However, when trying fortune, I found some quotes to be pretty weird and even sexist. People have observed this before (read this thread). My next idea was to use an API to retrieve a random quote by famous people from the internet. While working on a bash script to combine this API with cowsay, I researched cowsay flags and cow alternatives and again found some weird stuff (take a look yourself if you are interested). Thats why I decided to use a wholesome, child friendly python package called dinosay instead. The result was a bash script that uses a random quote from the internet as an input for dinosay.

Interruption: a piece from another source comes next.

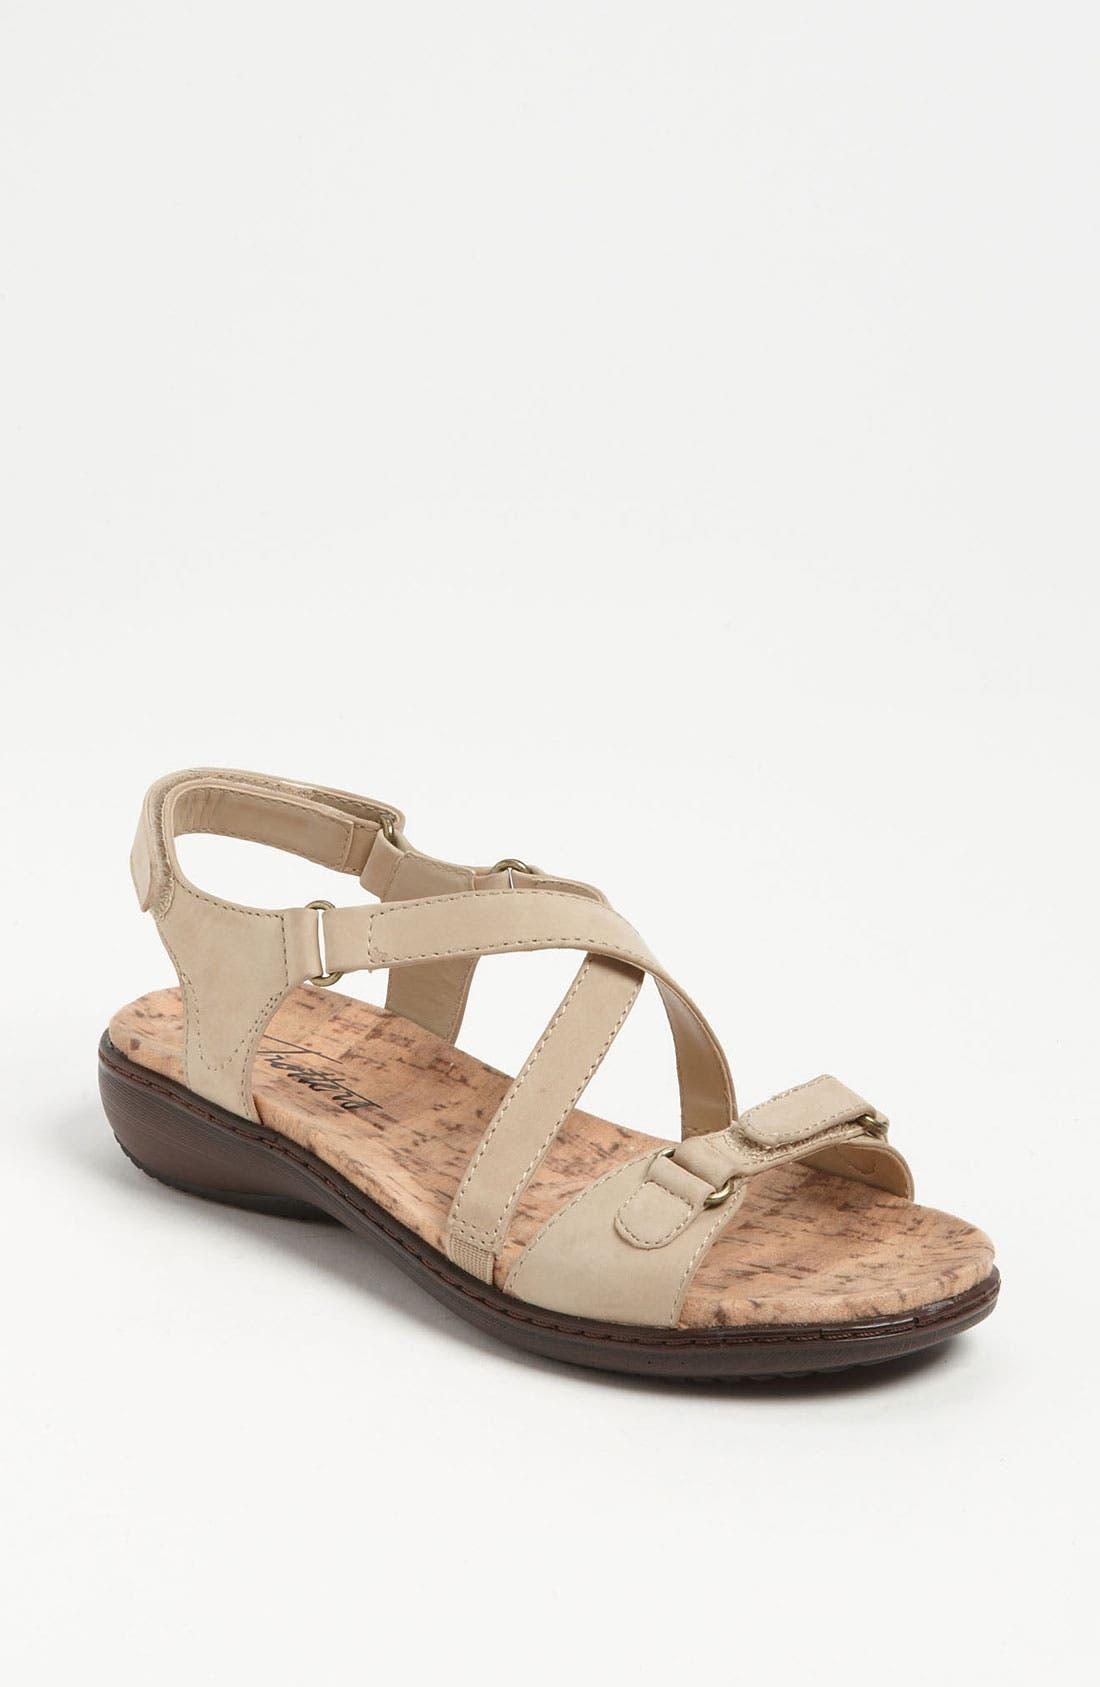 Main Image - Trotters 'Kylie' Sandal

Not satisfied with this, I thought it would be funny to train a LLM to generate quotes that sound realistic. I wanted to learn how to this anyways so thats what I did. As training data, I used a large dataset of quotes found originally on GitHub and built for a paper (see below). As there are enough quotes of men circulating in the internet and LLMs tend to be gender biased I tried to only use quotes by non male people (I know that its not that easy). I also like to imagine Myrtle as a wise old female dinosaur. As you cant detect a persons gender through their name, I generated a list of names of non male notable people and only used quotes by authors with names in that list. I used this data to finetune a GPT2 model, because its small enough to not cost that much to run (no GPU necessary for inference) but good enough to sounds realistic. Processing and training was done remotely with modal.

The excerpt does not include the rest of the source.